WHAT THE TASK REQUIRES: Repeat the listing below verbatim, without its images.

***** INFORMATION SUPPLIED *****

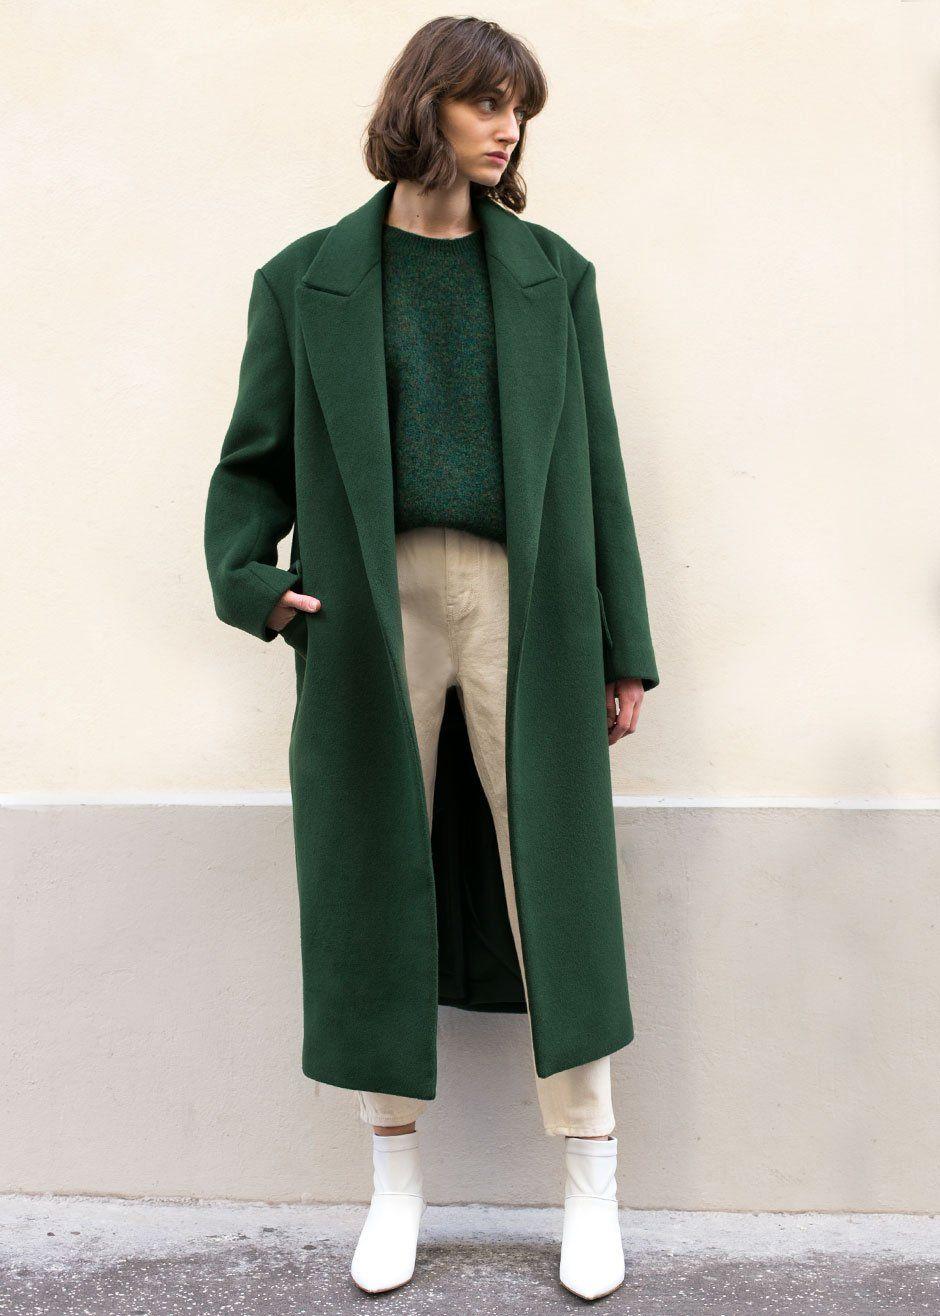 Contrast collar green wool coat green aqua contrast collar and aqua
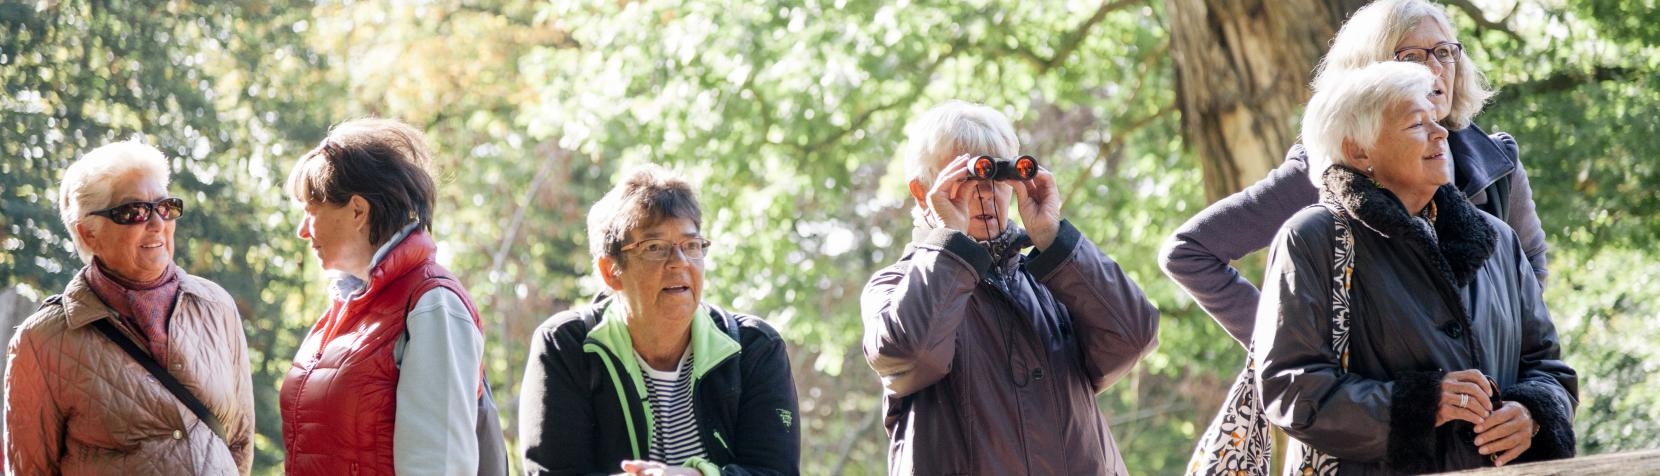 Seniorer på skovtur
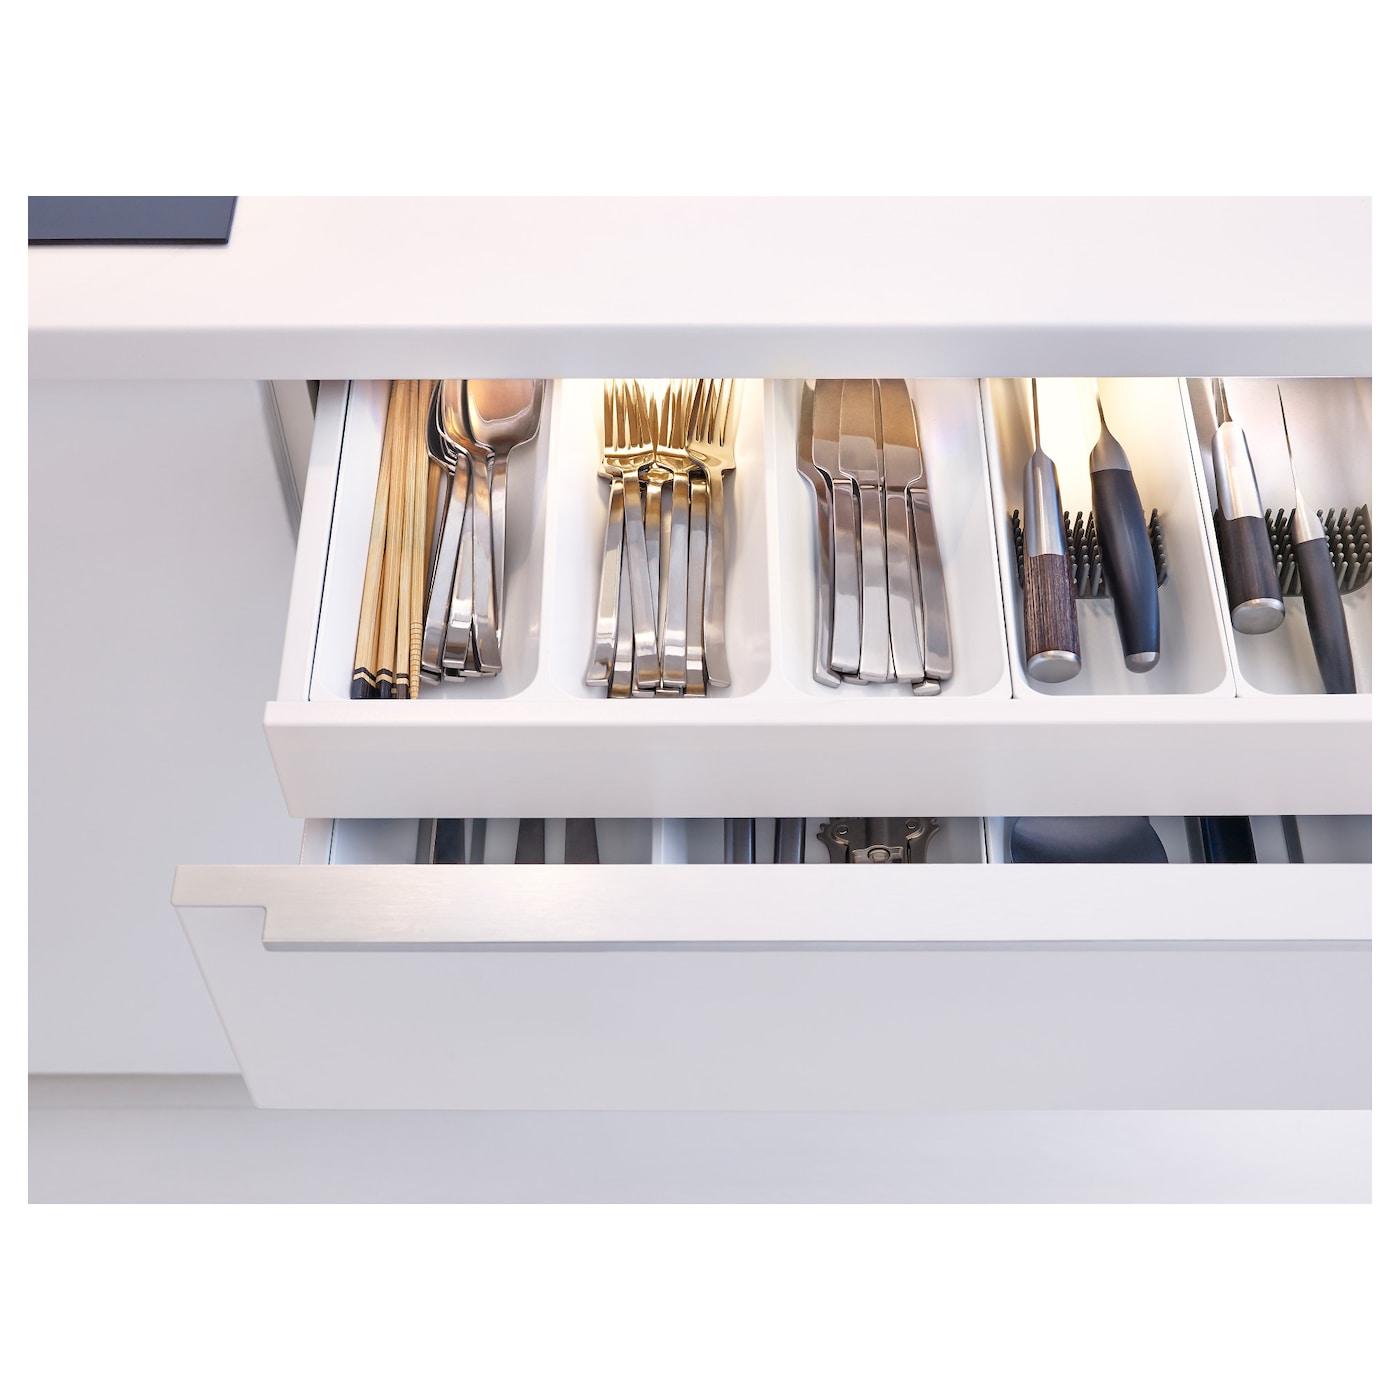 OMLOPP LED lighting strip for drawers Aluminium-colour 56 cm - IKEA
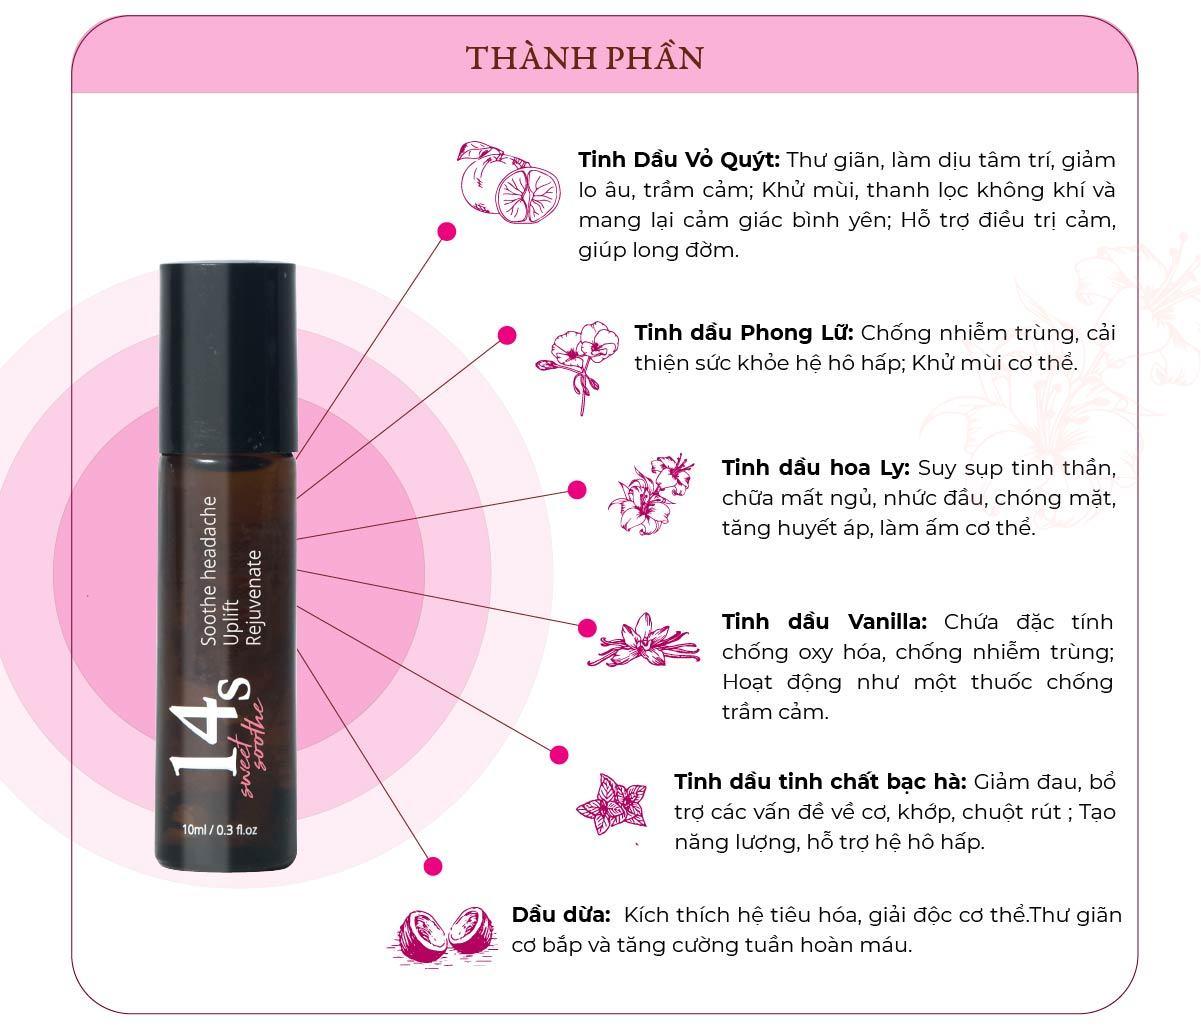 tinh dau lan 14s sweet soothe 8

*****

EXERCISE RESULT:
 Contrast collar green wool coat green aqua contrast collar and aqua
 Seniorer på skovtur
 OMLOPP LED lighting strip for drawers Aluminium-colour 56 cm - IKEA
 tinh dau lan 14s sweet soothe 8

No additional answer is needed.